The words of the 44th US President echoed through the Washington Mall. The pixie dust has settled on the inauguration. The new President has settled into the Oval Office and the work has begun in earnest.
Some felt a little let down by Barack Obama’s acceptance speech. They say it lacked the flair of his election night victory speech. I think many missed the point. I did an informal poll of businessmen and policy wonks and they all agreed with my simple premise, this was a speech given by the Chief Executive not the Commander in Chief. It is not the time to rally the troops, but get down to business.
The 47-year old leader has a steep hill to climb, but he has plenty of support behind him and a bank full of goodwill abroad. After a day of celebration basking in the bright winter skies of the nation’s capital, he hit the phones calling four leaders in the Middle East.
It was classy touch and a strong signal that the region will be high on his priority list.

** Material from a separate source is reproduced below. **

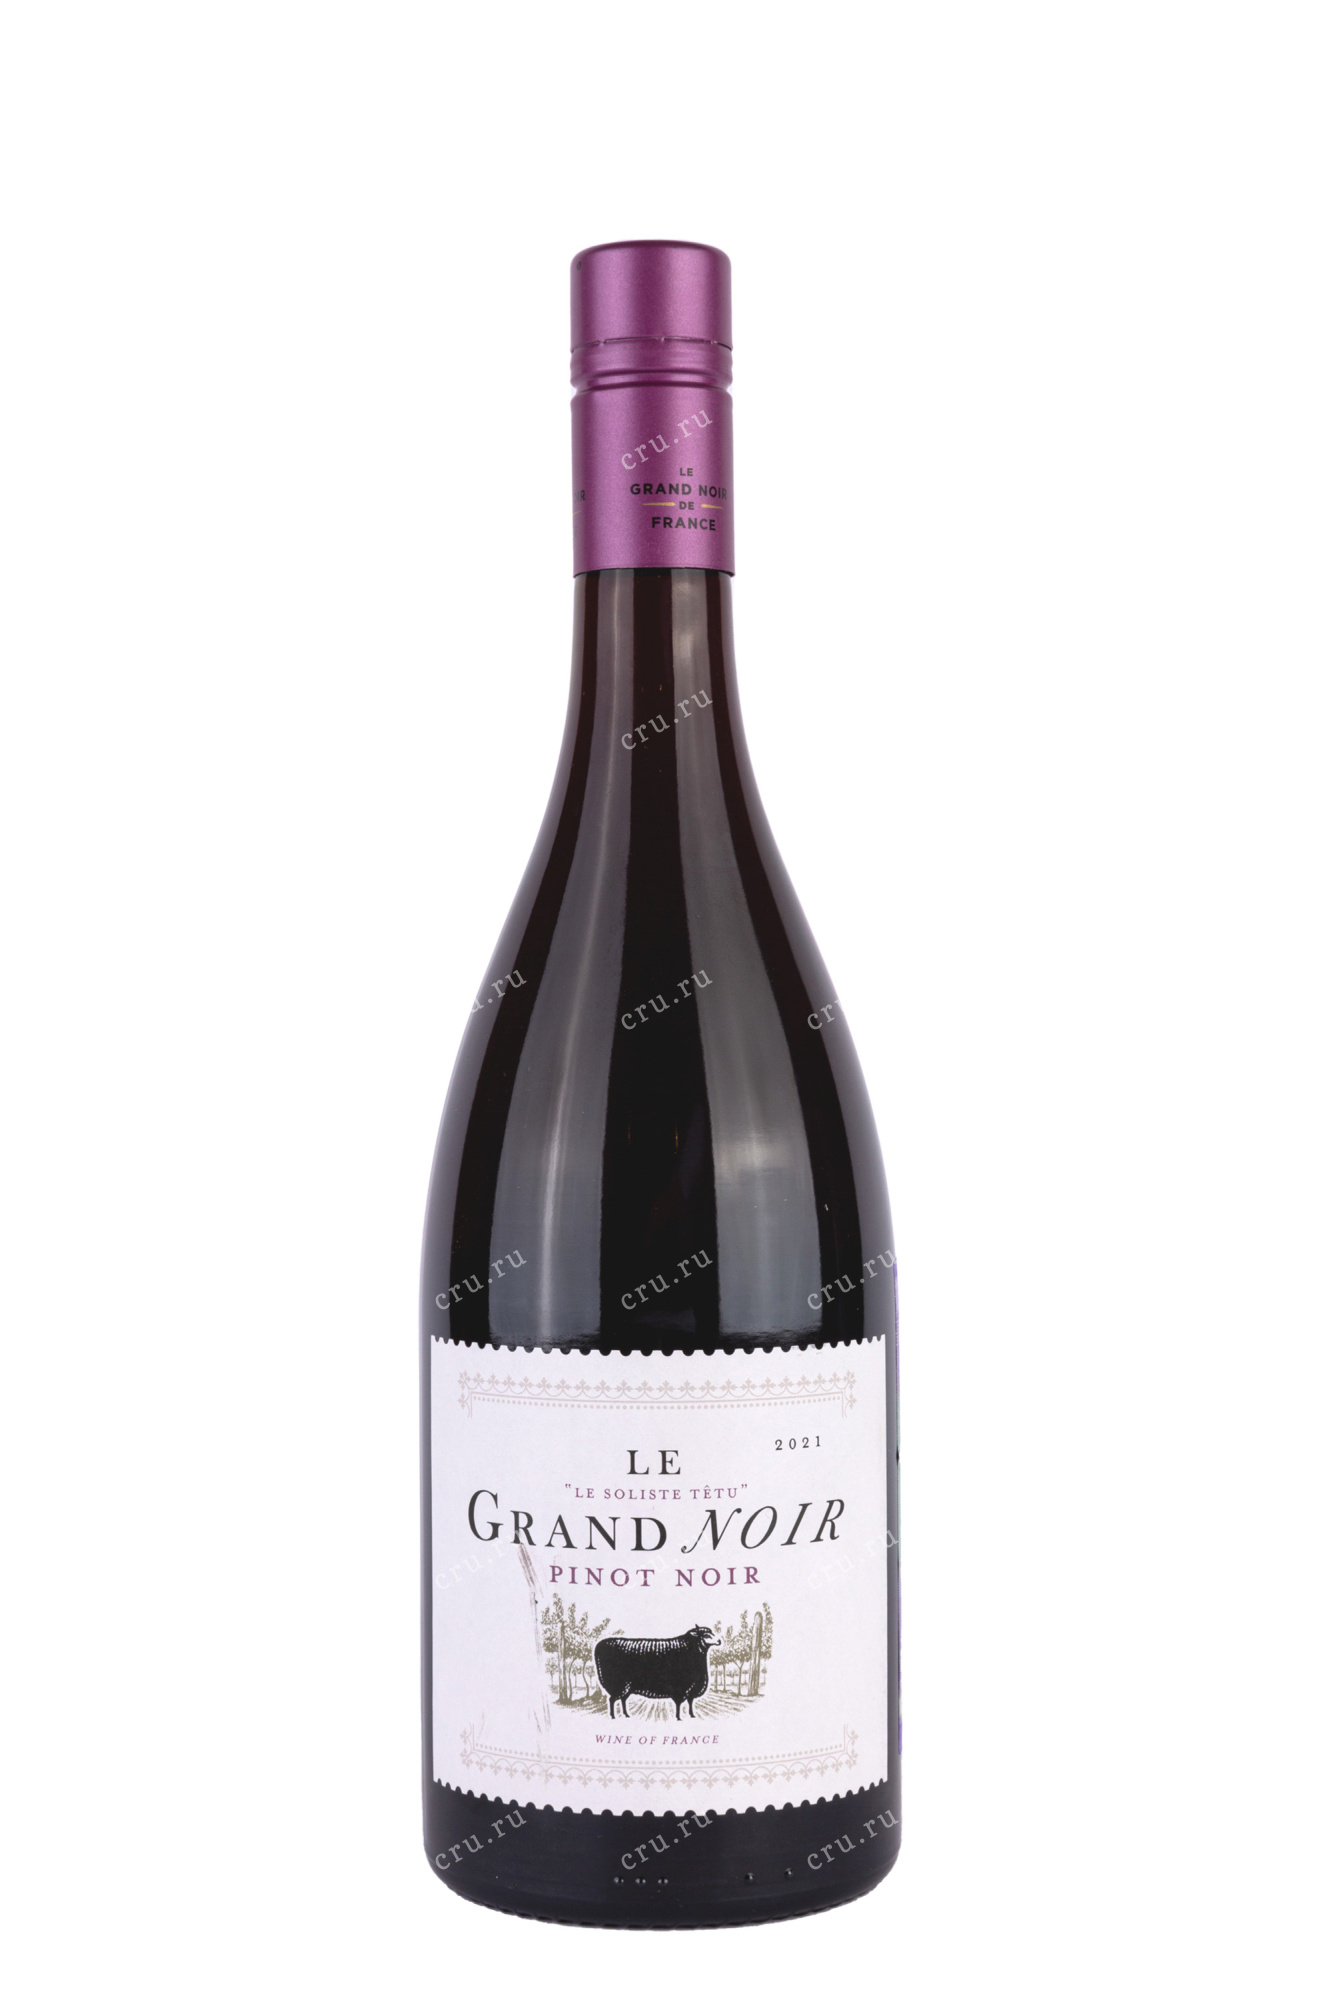 Legrand noir. Ле Гранд Нуар Пино Нуар. Вино Legrand Pinot Noir. Grand Noir Pinot Noir. Grand Noir вино Pinot Noir.

The challenge for this President is that he is sailing right into the eye of a colossal storm. Financial markets are good lead indicators for the next nine to 12 months ahead. They are pointing to more trouble, not less.
Our animal instinct is to think the worst but hope for the best. This week I sat down with veteran Jordanian central banker Umayya Toukan to size up the impact of this downturn on the Kingdom. He is confident that Jordan, a small but reform led economy, can still grow better than four percent this year depending on “how quickly confidence can be restored.”
Toukan referred back to that nasty autumn week when banks and markets collapsed in a sea of toxic assets. He described it as an investor “panic attack”. Rational thinking went out the door and survival instincts kicked in. Putting to rest those “voices” of irrational thinking Toukan says will take time and a period of stability.
Financial markets are not giving President Obama a honeymoon period. It seems Congress will move swiftly to approve an $800 billion plus stimulus package. Add more than $1 trillion dollars for bank and insurance fund bailouts and one is talking about a sizable long-term burden on the U.S. economy.
This massive spending package on infrastructure and green technologies will bring the major economies together like never before. No one wants to see the US sputter for long (nor Europe for that matter) so China, Japan and the Gulf countries will likely remain loyal buyers of US and European government debt.
But right now, the grand assumption is that 2009 will be terrible and that 2010 will be a year of recovery for the United States. Laura Tyson, a transition adviser for President Obama and former chair of the National Economic Council in the Clinton Administration, told me in London that “The US recovery is going to be slower, longer and subdued.”
She too believes that the last to fall in this downturn, the developing countries from the Middle East to Asia, will be the first to recover.
“We have had a crisis which has demonstrated that the world is highly inter-dependent,” says the economist from University of California at Berkeley. Those countries she added with giant surpluses need to “continue to stimulate their own economies and serve as stabilizing investors in the global economy.”
Tyson was referring to China, which sits on an estimated $1.9 billion dollars of total reserves and the GCC countries with a collective stockpile of $1.4 billion. Tyson a year ago in Davos expressed concern that the sovereign wealth funds might institute a “Trojan horse” strategy.
They have been passive investors to date, but no one really understood their long-term aims. After the signing of the so-called Santiago principles sign last October, she was clearly less concerned. Tyson even expressed the need for Washington to be more transparent in this process of state capitalism by the US Treasury department in the financial bailout.
On the sidelines at the World Economic Forum leaders will continue their work on the new financial architecture. The Group of 20 will gather again at the end of April here in London trying to define who will lead and how they will lead.
No doubt, decision making will be more collective. The US will still be in the front of this pack, but during this re-balancing of the global economy the new, inspiring President/Chief Executive Barack Obama will not want to go at it alone.